Thefts rampant on KU campus

Published July 10, 2014
—File photo
—File photo

KARACHI: A security guard caught ‘red-handed’ in a Karachi University department on Tuesday evening escaped the campus in the presence of teachers and security staff, it emerged here on Wednesday.

Sources told Dawn that it was the fourth incident of theft on the campus within four weeks and the thief was suspected to be a key member of a gang involved in such crimes in the KU, they added.

No FIR has been registered in any of the cases.

According to the sources, a senior security guard, Javed, was caught inside the room of the chairperson of the chemical engineering department that he had broken into and had taken away Rs25,000.

“He was caught red-handed as the chowkidar present there immediately reported the matter to the security office. Later, a number of teachers also arrived there,” a teacher at the department said.

The robber, he said, was taken to the campus security office and was interrogated by security staff and teachers. But as police arrived, the man ‘disappeared’. He also alleged that the suspect came to the department on a motorbike ridden by the driver of a senior KU teacher.

“When police arrived, his colleagues said that he was in the washroom. But when some time passed and the man didn’t come out, the police went inside the washroom and saw that no one was there,” he said, adding that the university administration called a brother of the suspect, who was also a campus employee, and handed him over to the police.

When the university administration was approached for a version, officials gave contradictory statements. While the campus secretary, the top official responsible for university security, admitted that the ‘red-handed caught thief’ had escaped and his brother had been handed over to police, the university registrar insisted that the suspect had been arrested and was in police custody.

KU campus secretary Mohmmad Zubair, an associate professor at the Islamic history department, said: “The suspect managed to escape and police are interrogating his brother. No FIR has been registered.”

University registrar Prof Moazzam Ali Khan, however, said: “He was caught while he was inside the room of the department chairperson and is now in the police custody. An FIR has been registered and police are investigating about the lost amount.”

When contacted, an official of the Mubina police station said: “The thief escaped from the custody of university staff. His brother is at the police station only for interrogation and would be released tomorrow. No FIR has so far been registered.”

According to university teachers, thefts had become a routine affair on the campus and there had been at least three such incidents over the past four weeks. Thefts, they said, had occurred in the biotechnology and statistics departments and a teacher’s home.
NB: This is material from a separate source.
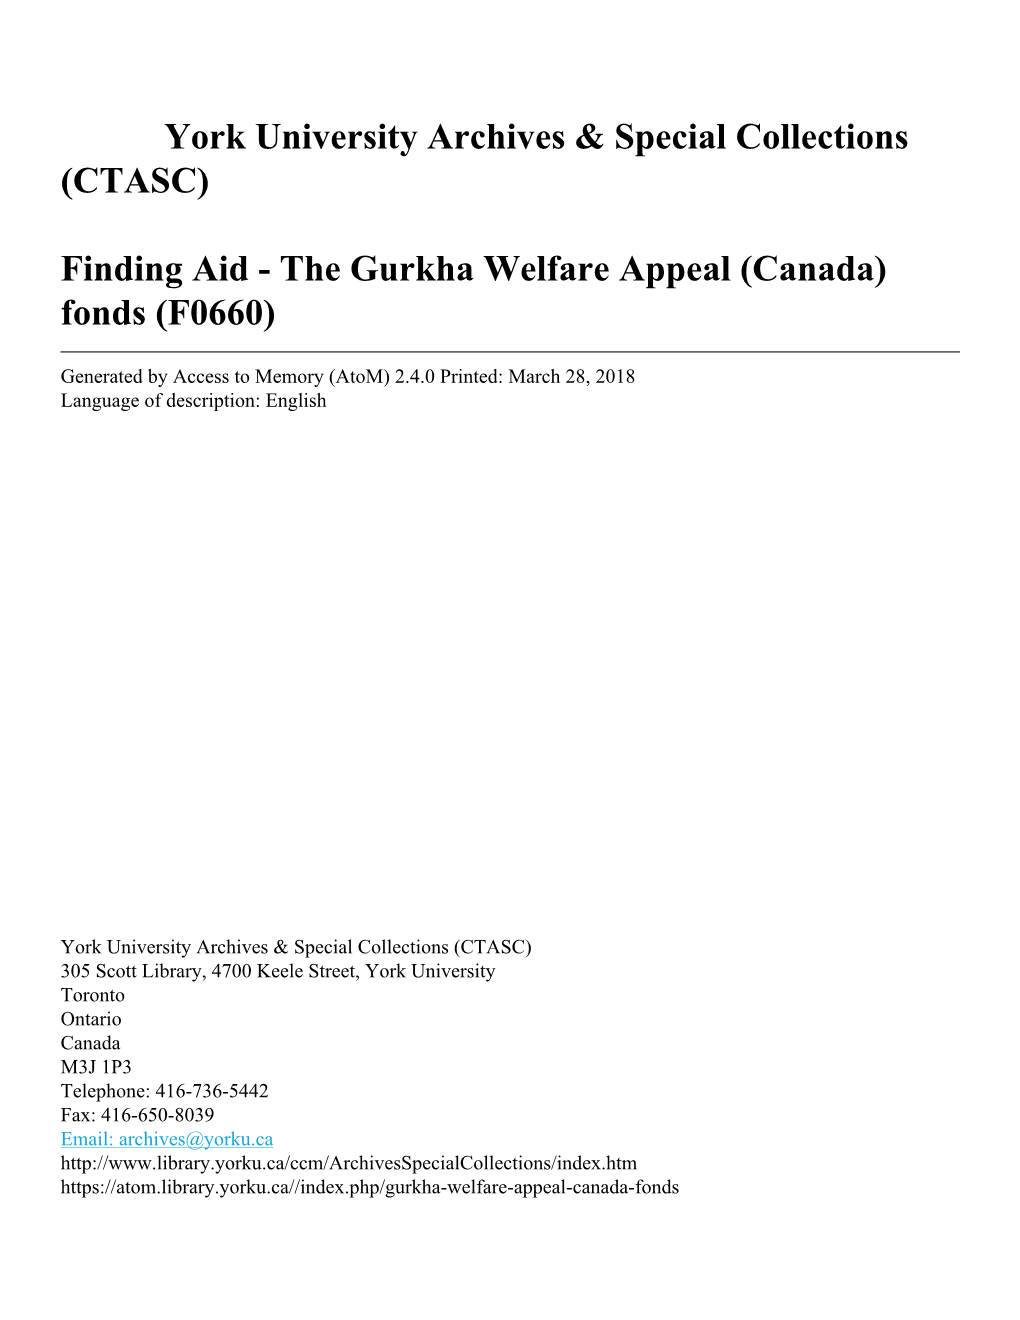 The Gurkha Welfare Appeal (Canada) Fonds (F0660)

Teachers also claimed that the number of thefts was more than the reported by the administration that often hushed up such cases. Most thefts, they said, were committed by internal staff and there were hardly any case in which a criminal was punished.

The internal mechanism of the university, they said, had just failed to check the law and order situation that had emerged mainly because of continued political interference in university affairs and the strategy to take administrative decisions lacked merit.

These reasons, they said, prevented the university administration from lodging an FIR as criminals had political support.

“Only three days ago, our seminar library was broken into and Rs5,000 was taken away. All locks and furniture were found damaged in the morning,” said a teacher at the statistics department.

Another teacher at the biotechnology department said that more than a dozen fans were found stolen from the biotechnology department last month.

A thief, sources said, recently struck at house C-97 on the campus and took away washroom fixtures.

The university administration had set up a security committee about two months ago to look into law and order issues on the campus and recommend measures to bring an improvement in the current security structure.

The committee headed by campus secretary included Prof Zulqarnain Shahdab, chairperson of the Urdu department, and Dr Anila Amber, head of the psychology department.